▸ **Given data**:
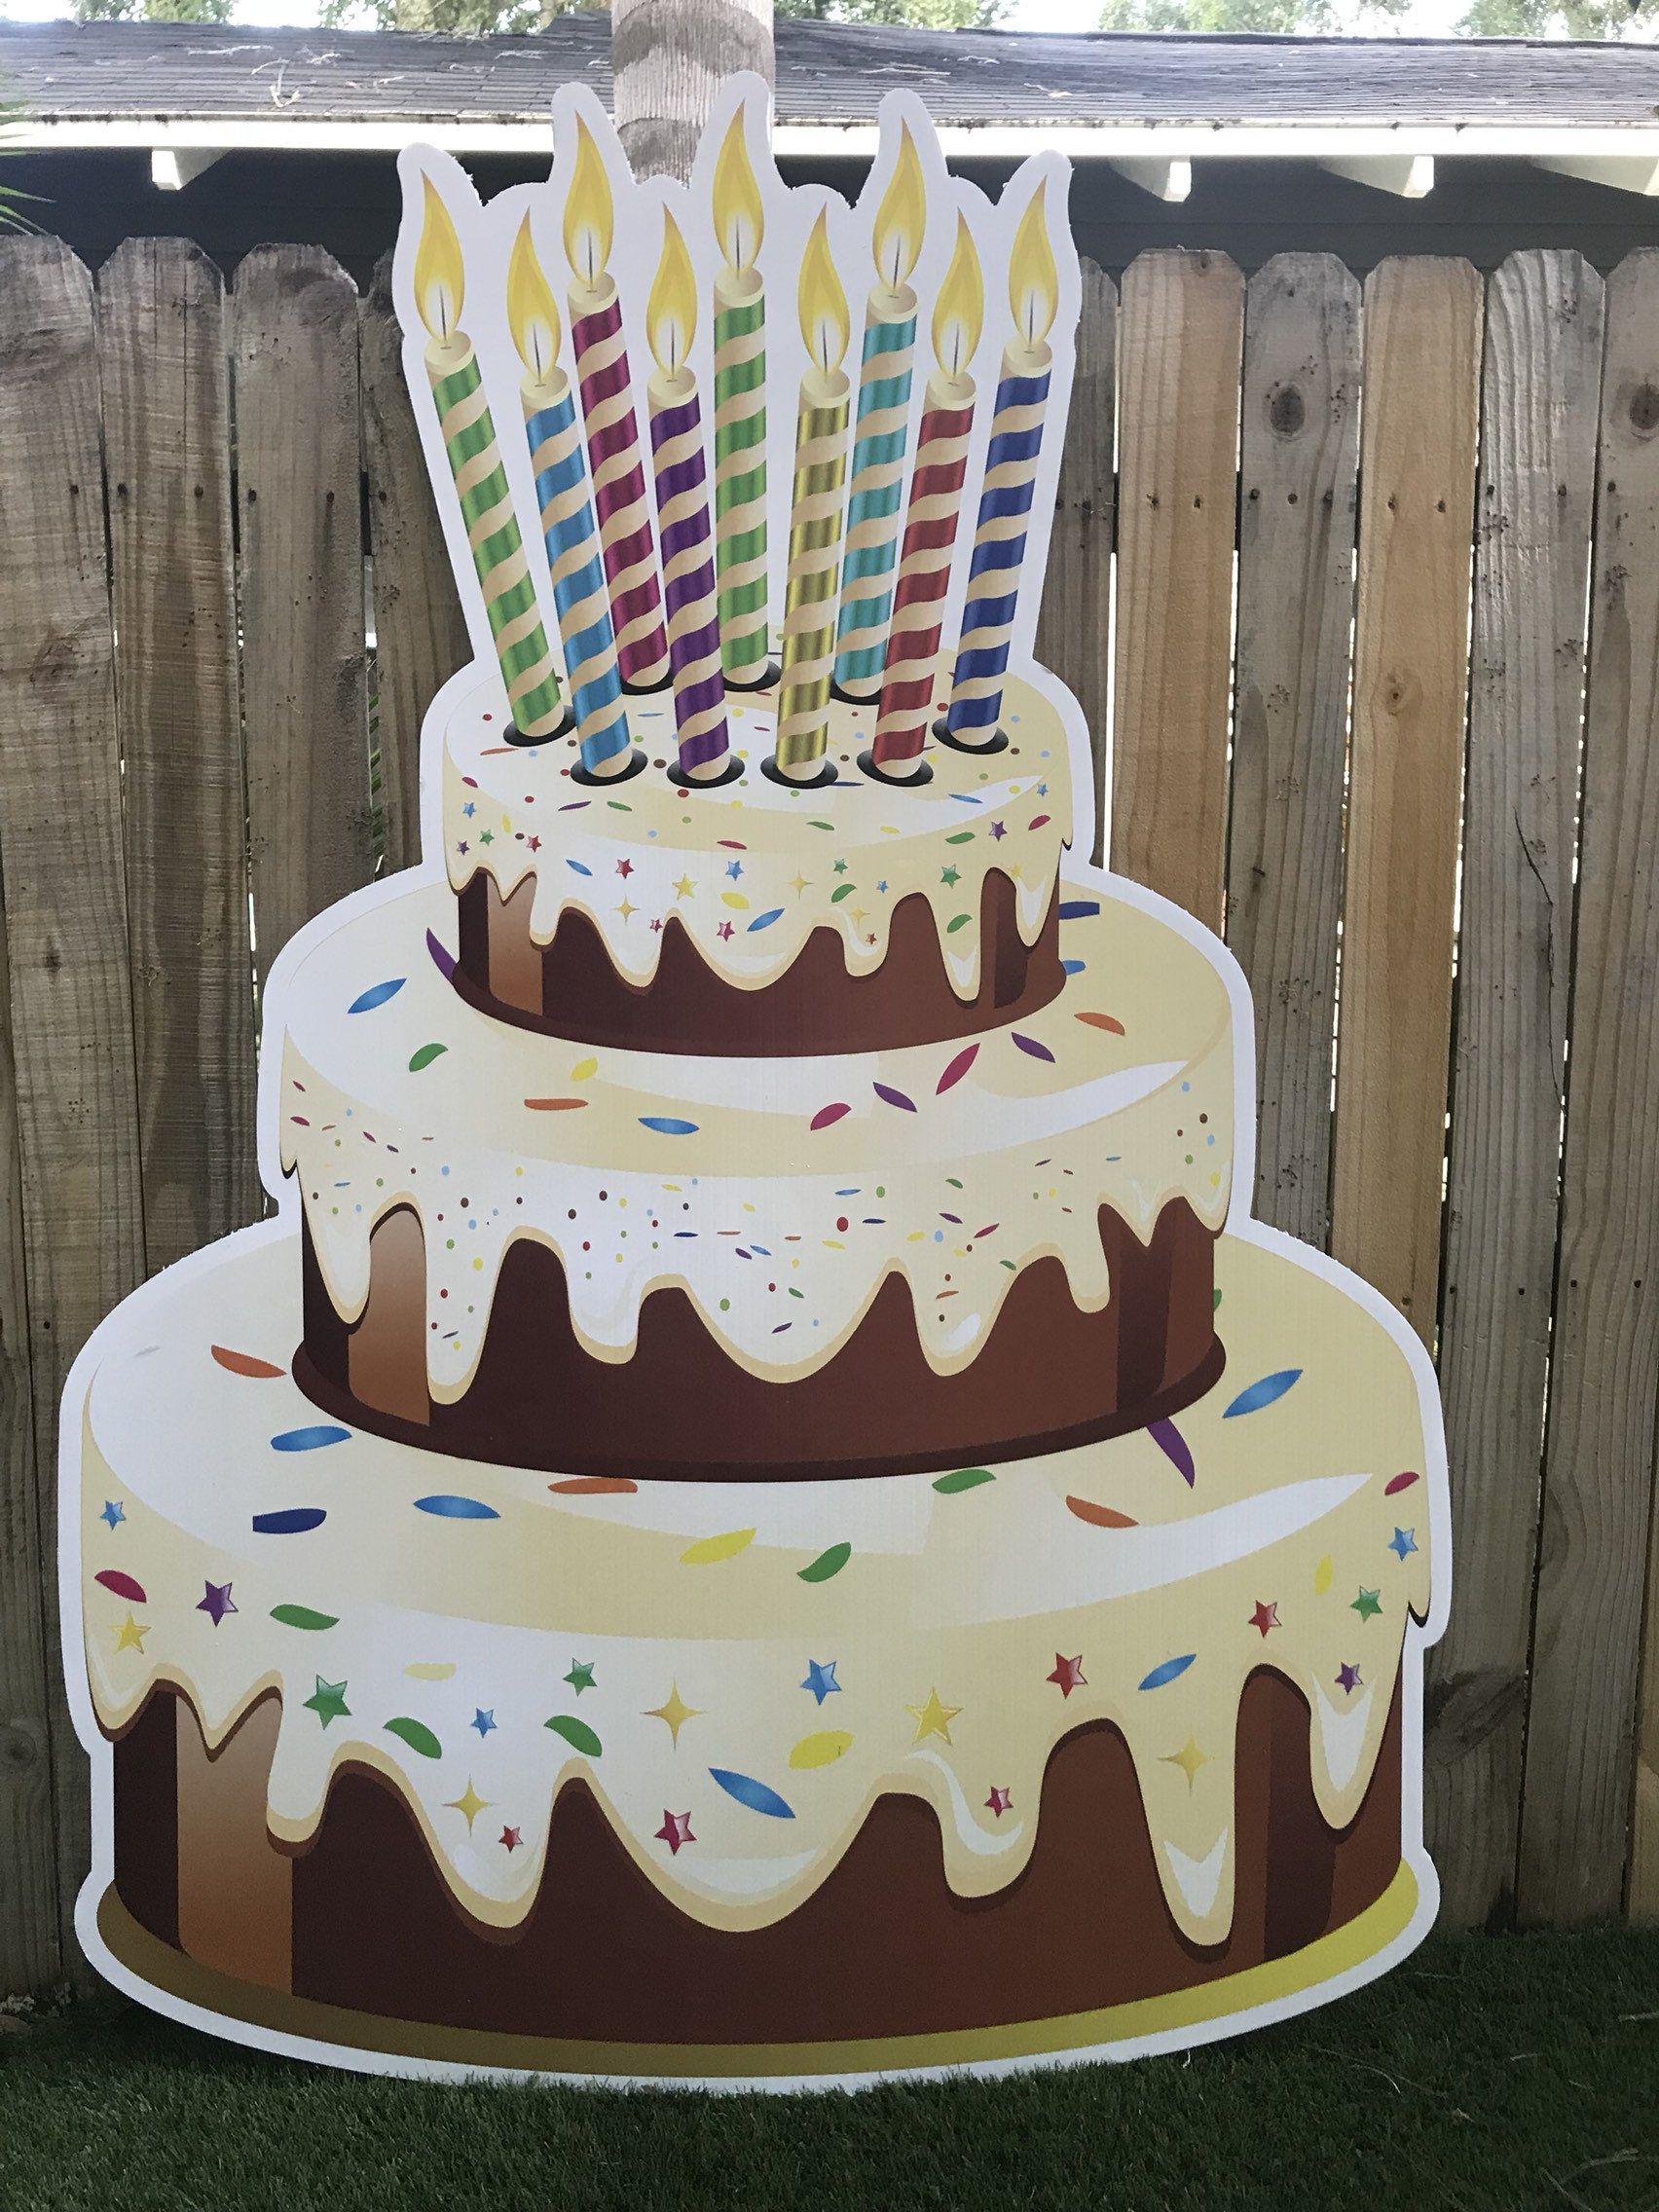 Birthday cake birthday yard sign birthday decoration
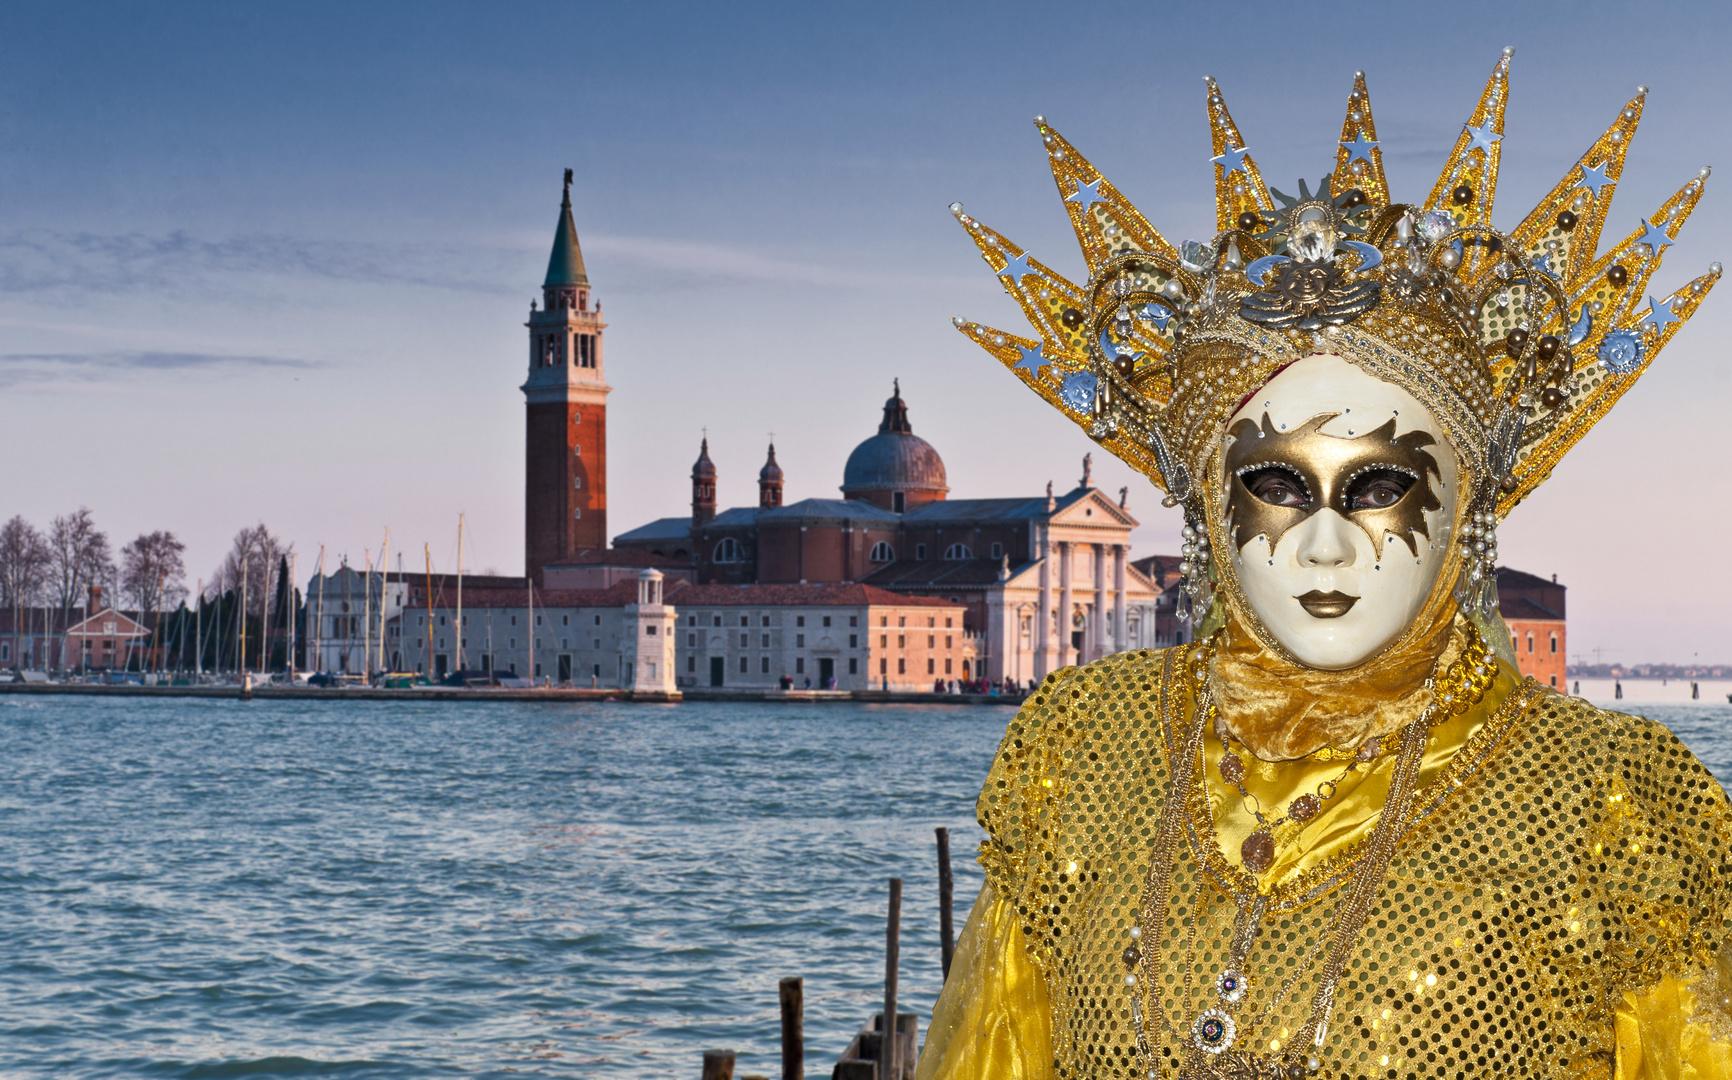 Carnevale venecia 2012
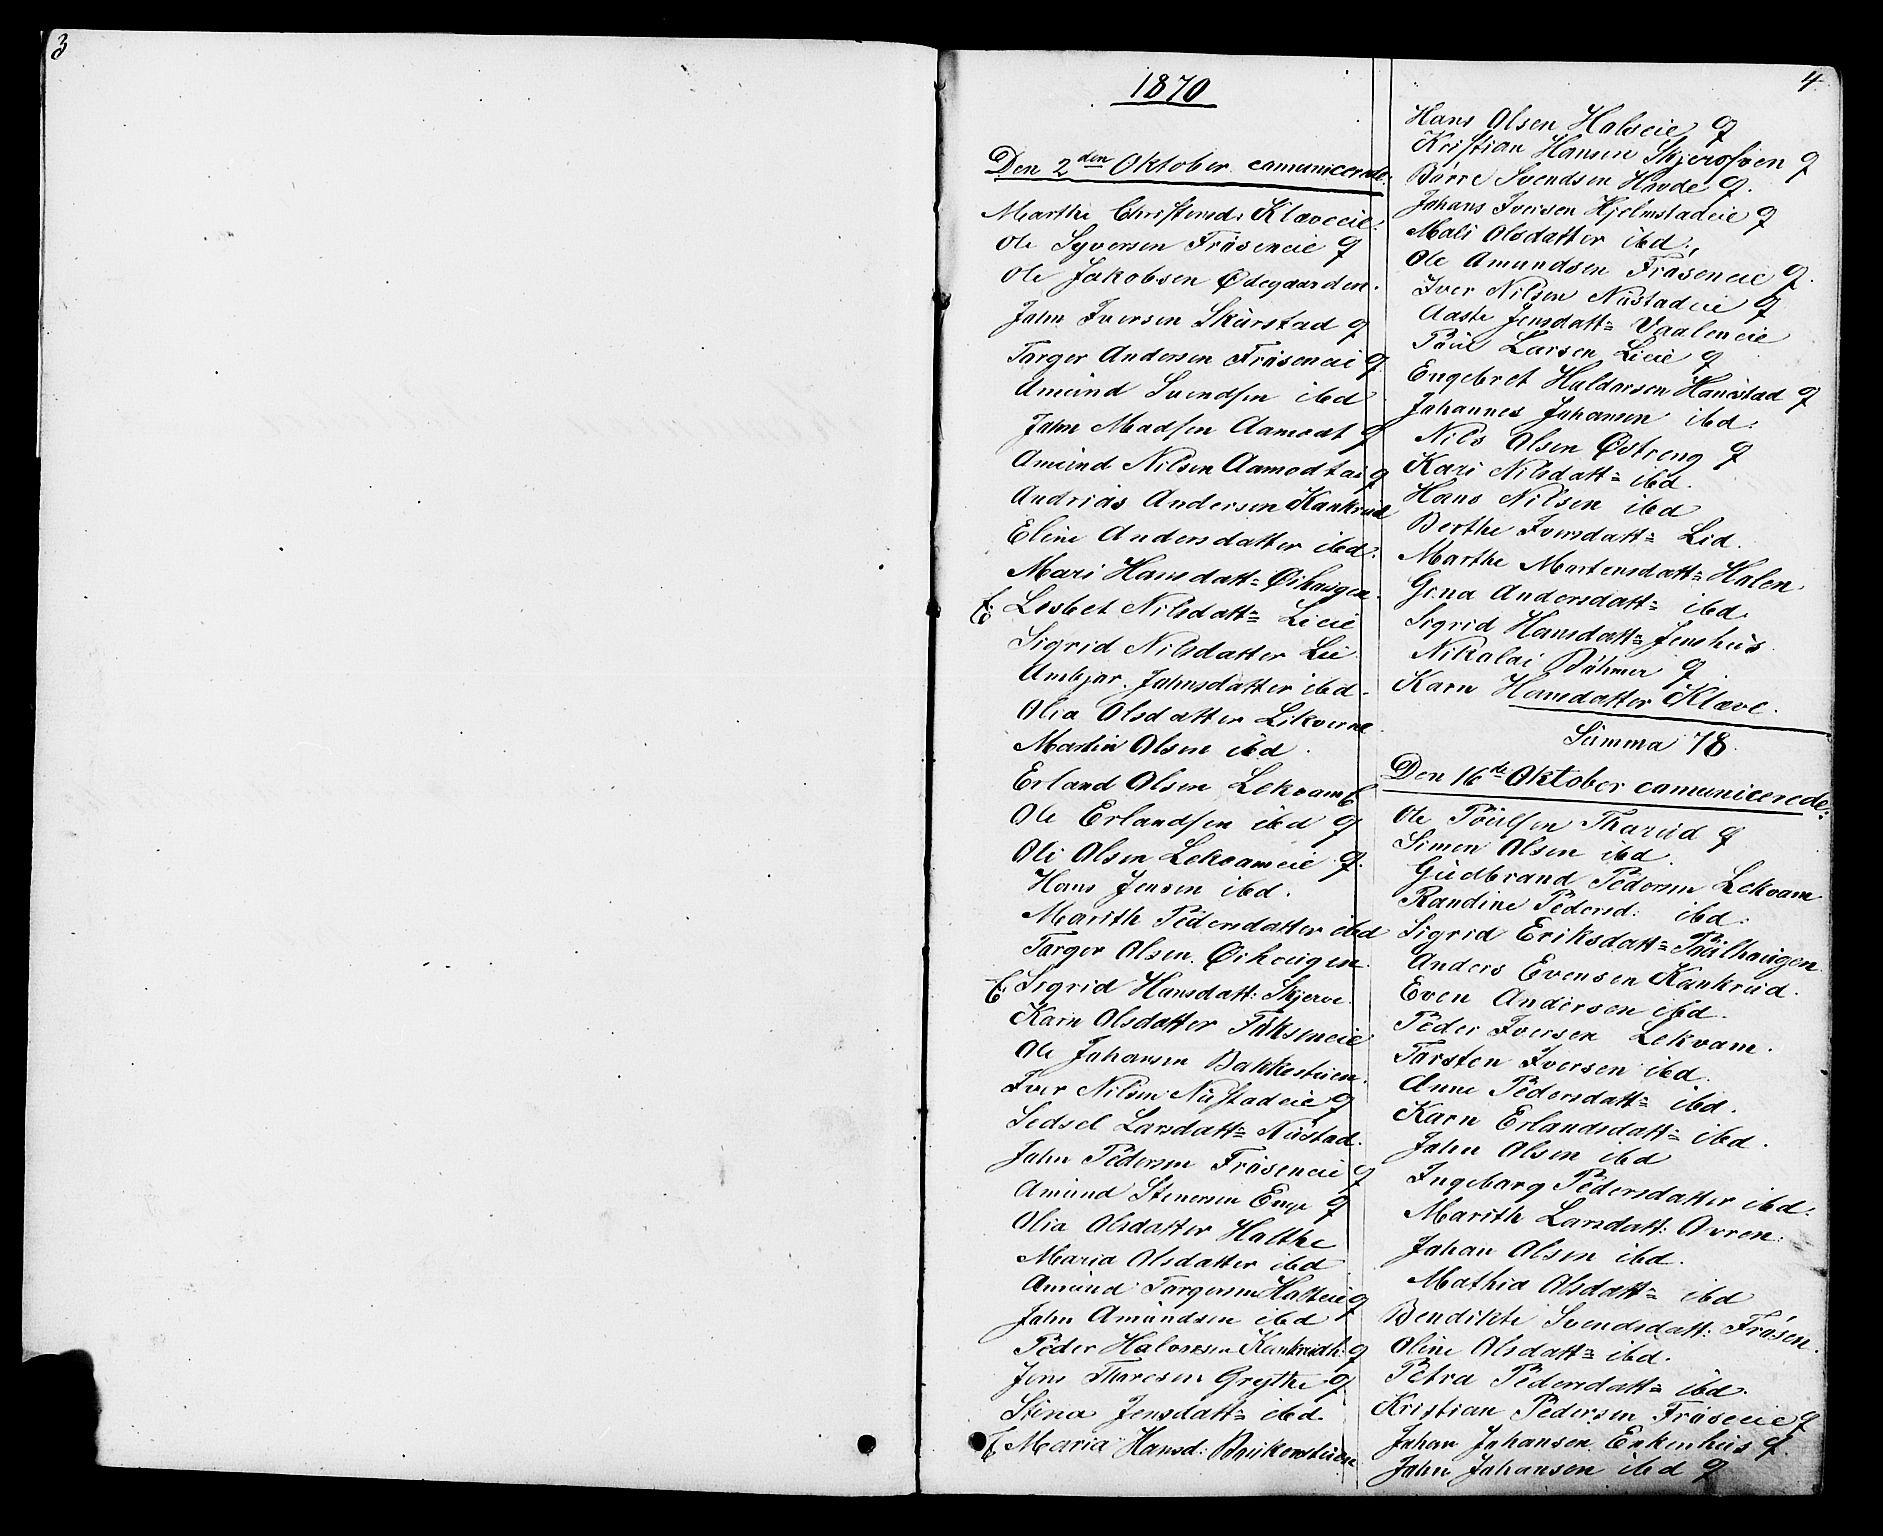 SAH, Østre Gausdal prestekontor, Klokkerbok nr. 1, 1863-1893, s. 3-4

▸ **Work required**: Before writing out the material above, please remove its pictures; everything else stays exact.

▸ **Solution below**:
 Birthday cake birthday yard sign birthday decoration
 Carnevale venecia 2012
 SAH, Østre Gausdal prestekontor, Klokkerbok nr. 1, 1863-1893, s. 3-4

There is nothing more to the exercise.